● ASSIGNMENT
This exercise requires an exact output of the listing, images omitted.

╭─ SOURCE DATA

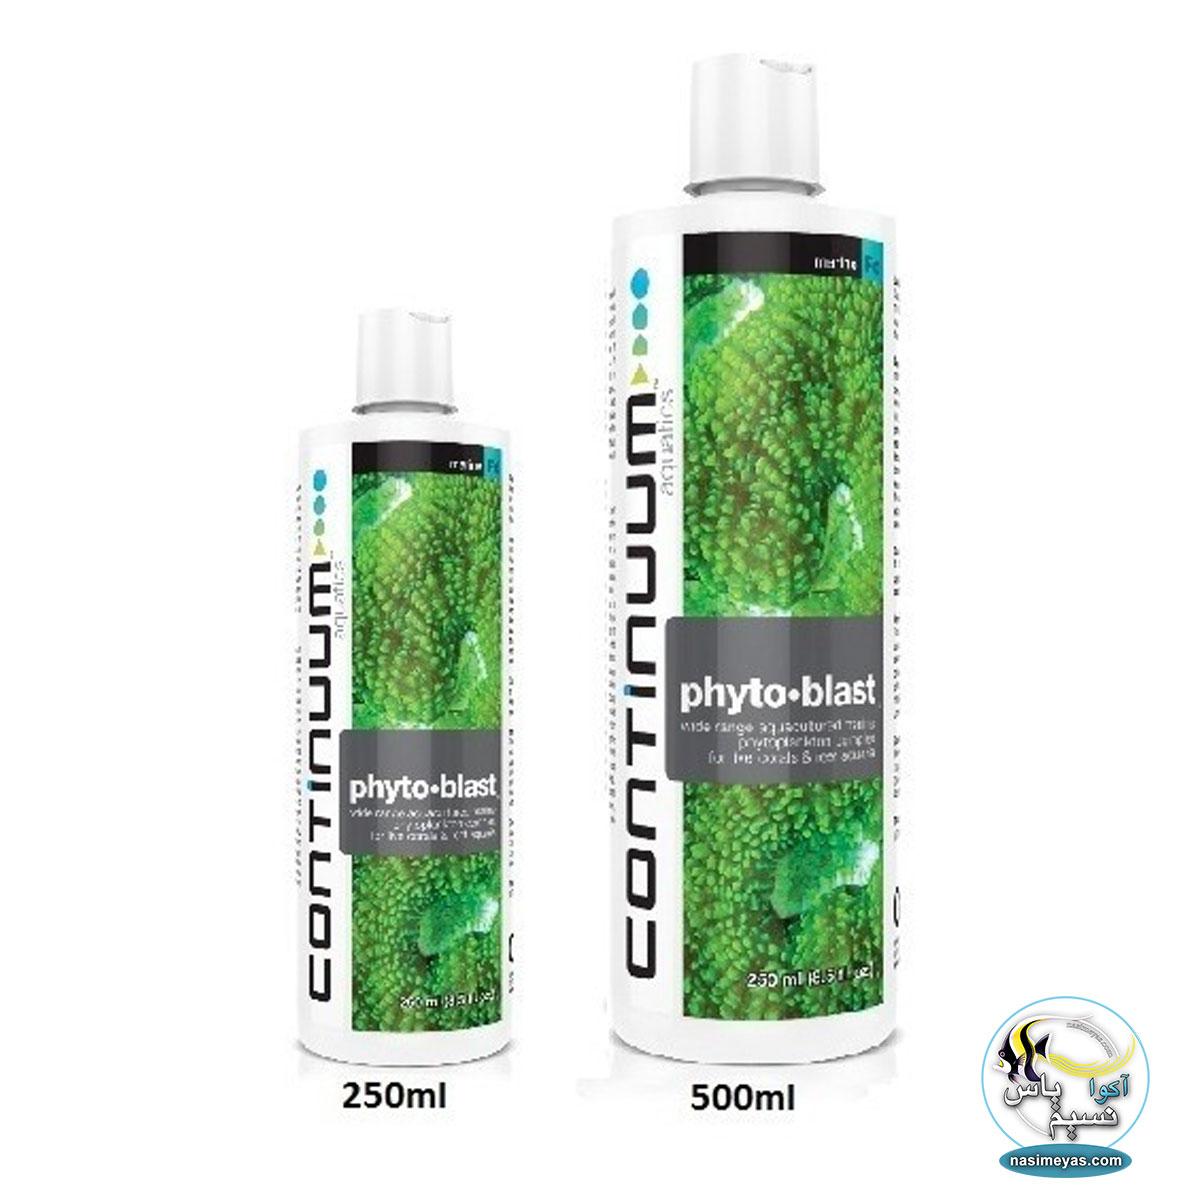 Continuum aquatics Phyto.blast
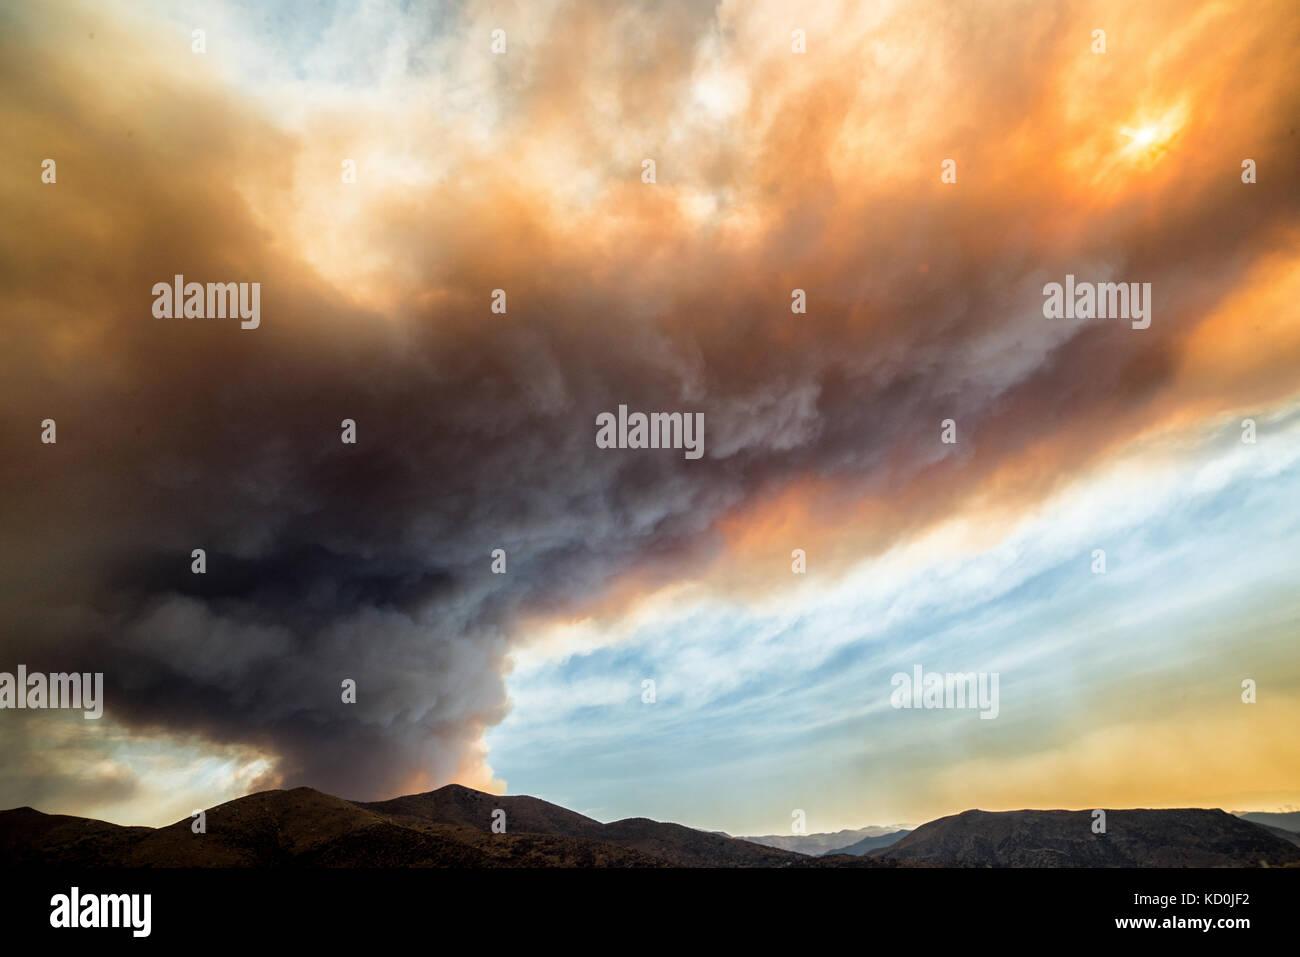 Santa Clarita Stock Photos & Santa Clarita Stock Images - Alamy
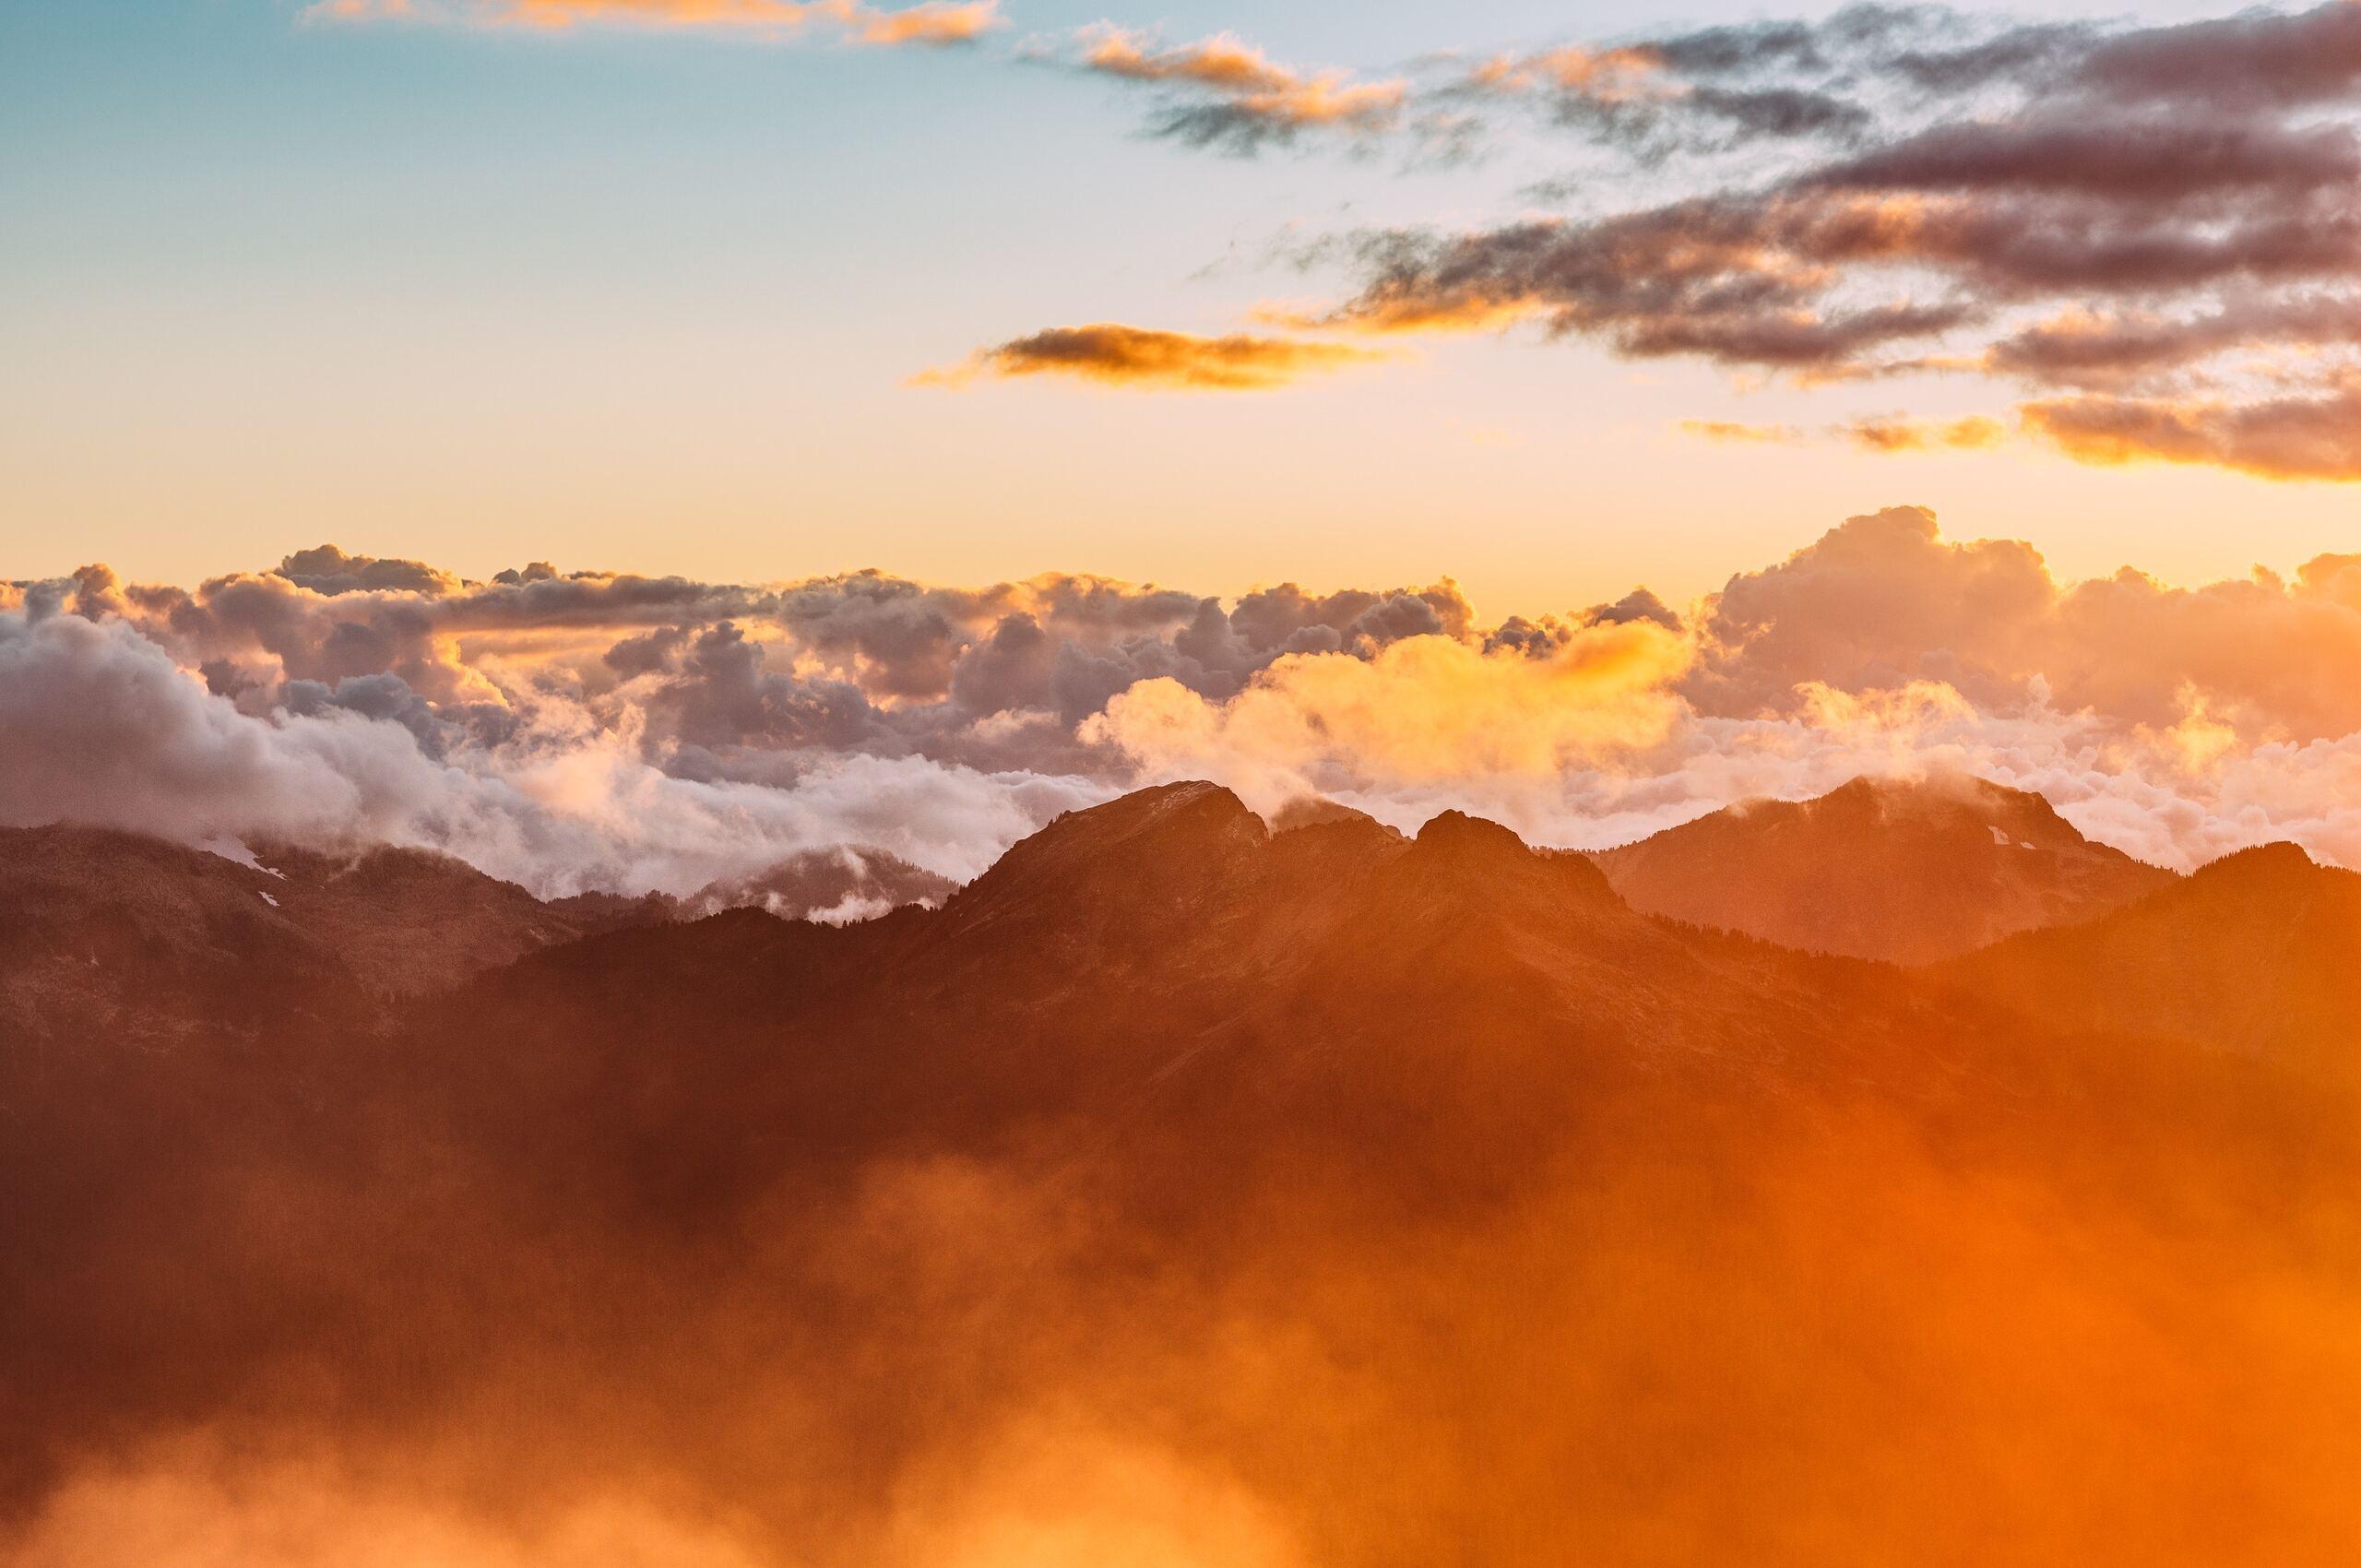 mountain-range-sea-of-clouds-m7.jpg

╰─

● EXERCISE ANSWER
 Continuum aquatics Phyto.blast
 Santa Clarita Stock Photos & Santa Clarita Stock Images - Alamy
 mountain-range-sea-of-clouds-m7.jpg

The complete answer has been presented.